It is worthy to notice that the optimal command $u^{*}$ represents the mean velocity of the random motion described by Equation (20) and is related to the wave function as

$$u^{*}\left(t,z\right)=-\frac{1}{m}\frac{\partial V\left(t,z\right)}{\partial z}=\frac{1}{m}\frac{\partial S\left(t,z\right)}{\partial z}=-\frac{i\hslash }{m}\frac{\partial \left(\ln \Psi \left(t,z\right)\right)}{\partial z}.$$

(30)

We have derived the Schrödinger equation from the HJB equation in the framework of complex mechanics. The relation between the optimal cost-to-go function $V\left(t,z\right)$ and the wave function $\Psi \left(t,z\right)$ in Equation (27) shows that the solution of the Schrödinger equation is associated to the solution of the HJB equation in the complex $z\text{-}$plane. Accordingly, the Schrödinger equation and the wave function are both defined in the complex domain owing to the complex random motion described by Equations (20) and (30).
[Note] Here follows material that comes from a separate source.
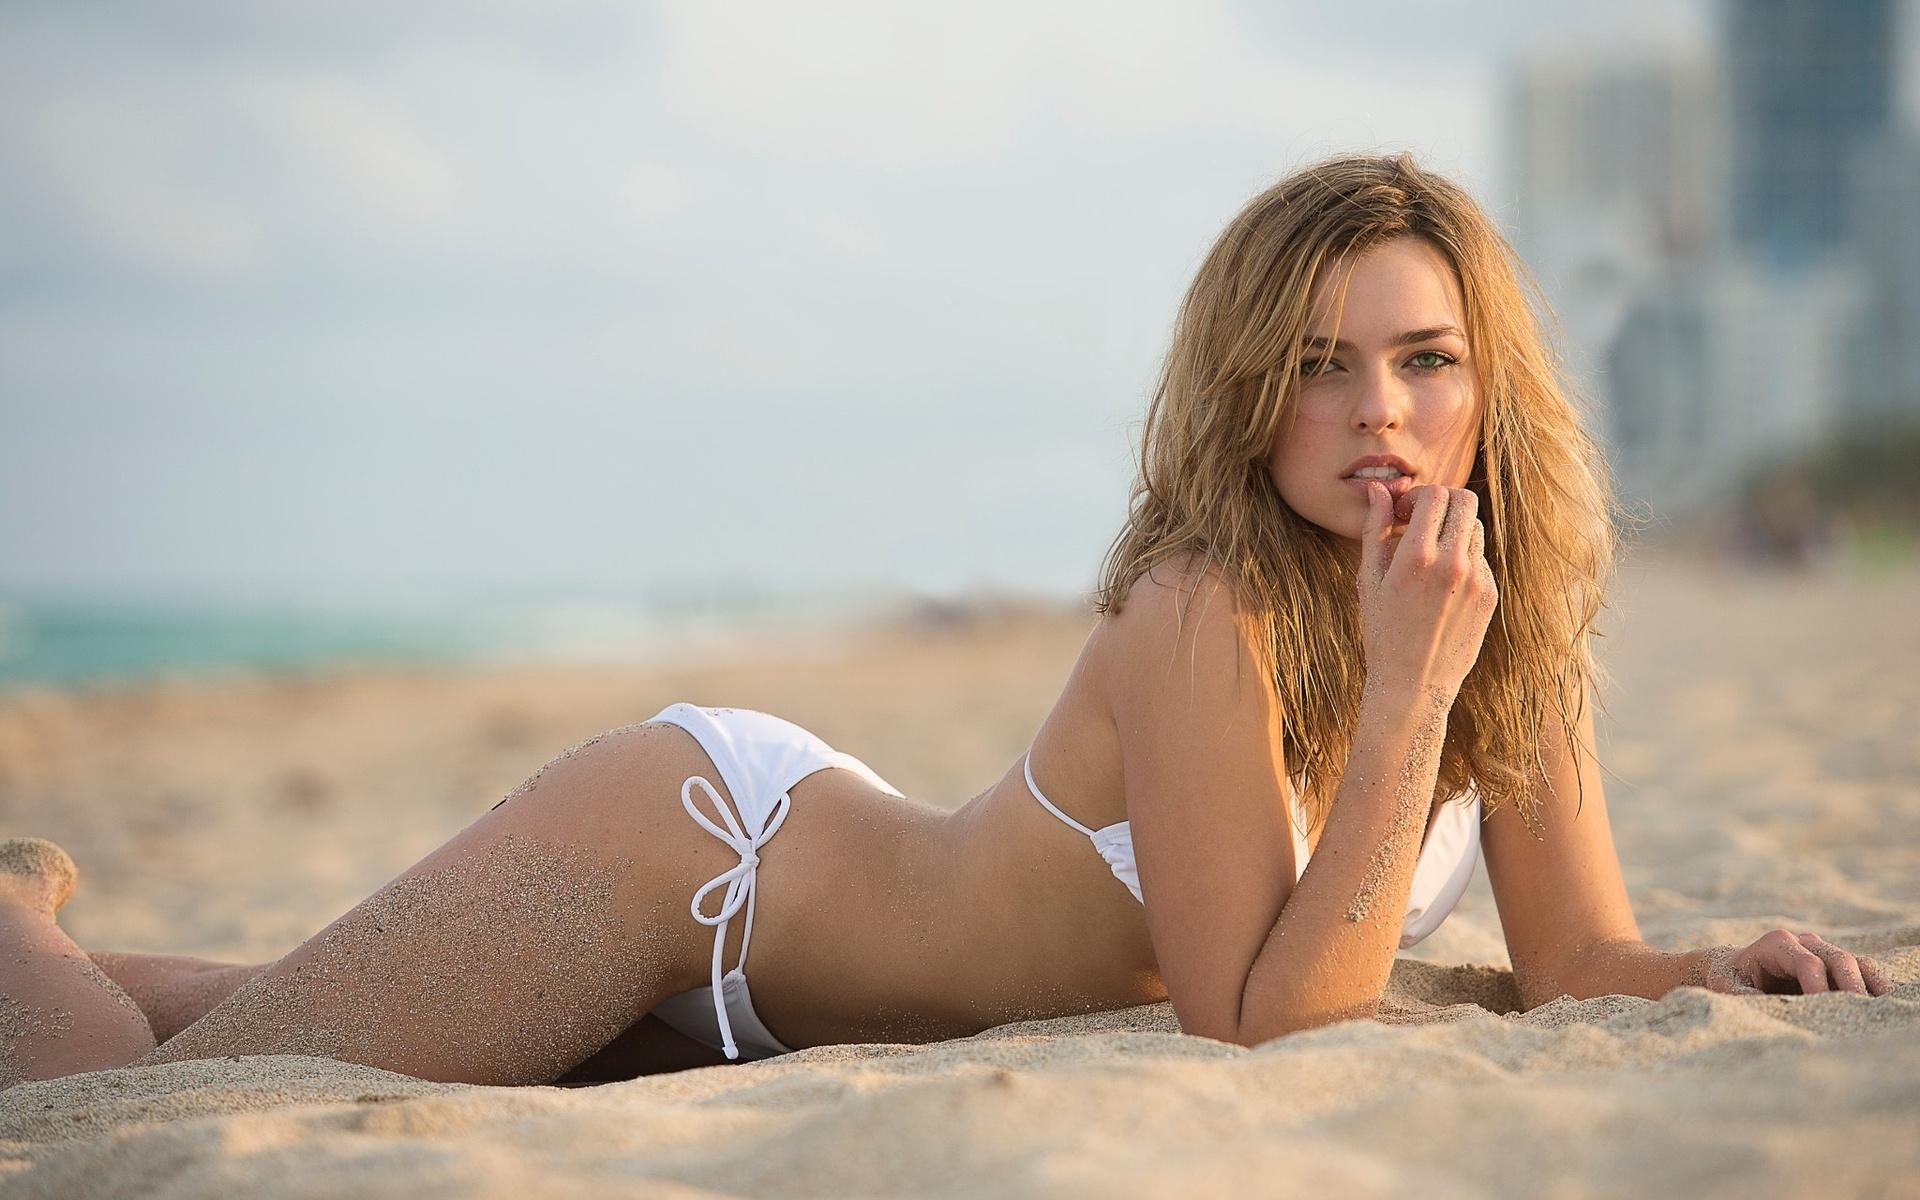 Реальные фотки девушек на пляже, русский секс нежный любовный

The last term in Equation (28) is the complex quantum potential $Q$, which drives the diffusion process and can be regarded as the cause of the random motion.
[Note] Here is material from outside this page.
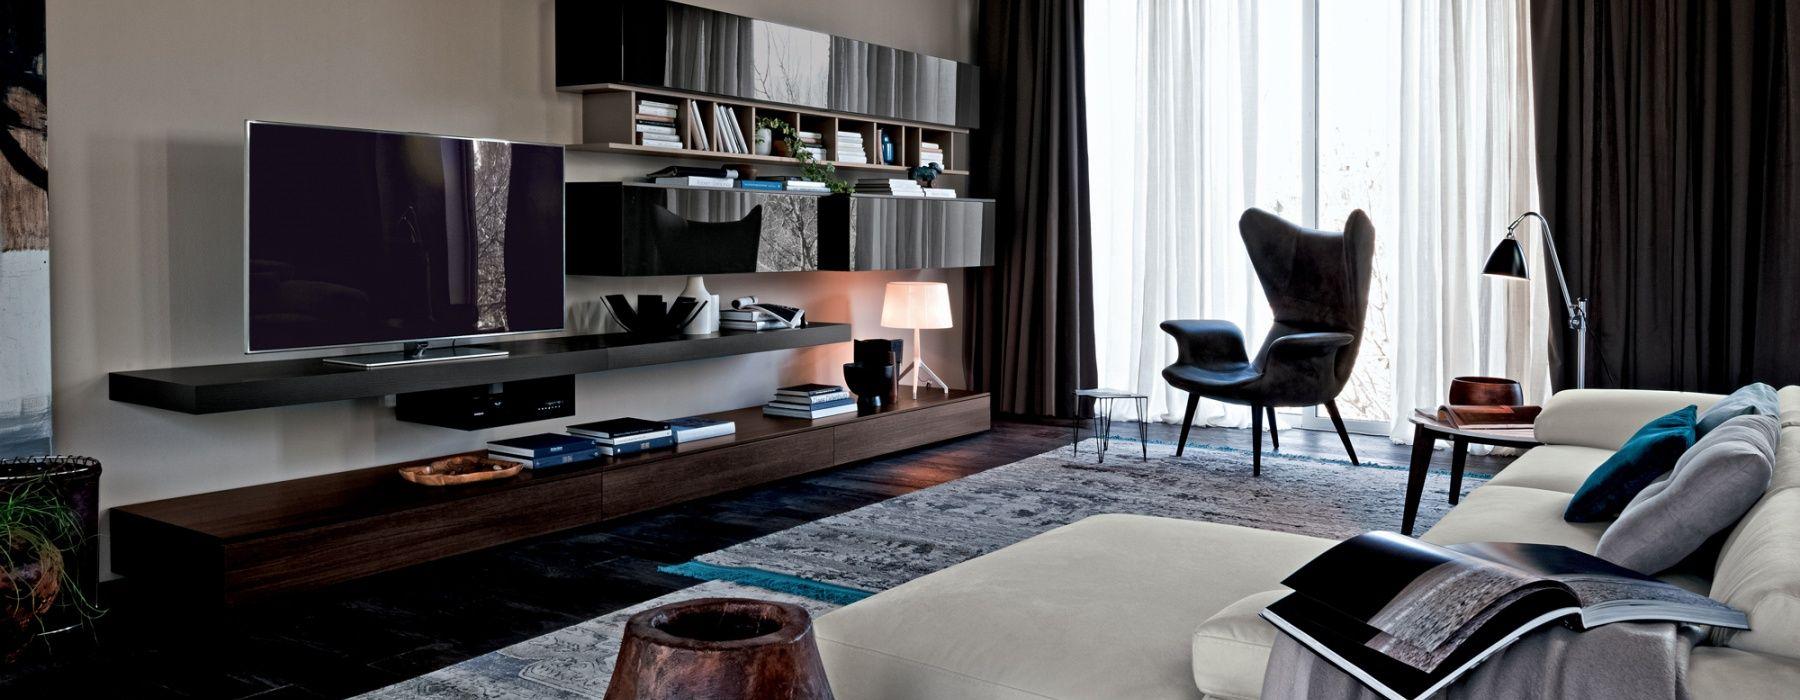 Arredamento: cucine, soggiorni, divani, camere ...

By applying the optimal guidance law (30) to the SD Equation (20), we obtain the random motions in the complex $z\text{-}$plane

$$\begin{array}{cc}\hfill dz=u^{*}dt+\sqrt{\nu }dw& =\frac{1}{m}\frac{\partial S\left(t,z\right)}{\partial z}+\sqrt{-\frac{i\hslash }{m}}dw\hfill \\ & =-\frac{i\hslash }{m}\frac{\partial \left(\ln \Psi \left(t,z\right)\right)}{\partial z}dt+\sqrt{-\frac{i\hslash }{m}}dw.\hfill \end{array}$$

(31)

From Equation (31), we can see that the optimal guidance law $u^{*}$ is the drift velocity, which determines the particle’s mean motion in the complex plane. In order to compare complex mechanics to Bohmian mechanics and stochastic mechanics, we map all physical quantities from the one-dimensional complex variable $z=x+iy$ to the two-dimensional real $x-y$ plane. Under this mapping, the complex action function $S\left(t,z\right)$ can be symbolically separated as

$$S\left(t,z\right)=S\left(t,x+iy\right)=S_R\left(t,x,y\right)+i{S}_I\left(t,x,y\right).$$

(32)

With the above separation and $z=x+iy$, we can rewrite the complex SD Equation (31) in terms of two coupled real SD equations:

$$dx=\frac{1}{m}\frac{\partial S_R\left(t,x,y\right)}{\partial x}dt-\sqrt{\frac{\hslash }{2m}}dw=v_R\left(t,x,y\right)dt-Ddw,$$

(33)

$$dy=\frac{1}{m}\frac{\partial S_I\left(t,x,y\right)}{\partial x}dt+\sqrt{\frac{\hslash }{2m}}dw=v_I\left(t,x,y\right)dt+Ddw.$$

(34)

The above equations can be expressed in the matrix form:

$$\left[\begin{array}{c}dx\\ dy\end{array}\right]=\left[\begin{array}{c}{v}_R\left(t,x,y\right)\\ v_I\left(t,x,y\right)\end{array}\right]dt+\left[\begin{array}{c}-D\\ D\end{array}\right]dw.$$

(35)

However, in practical computation, we cannot analytically separate the complex-valued wave function into two real wave functions as described by Equation (32), since they are coupled by the complex Schrödinger equation.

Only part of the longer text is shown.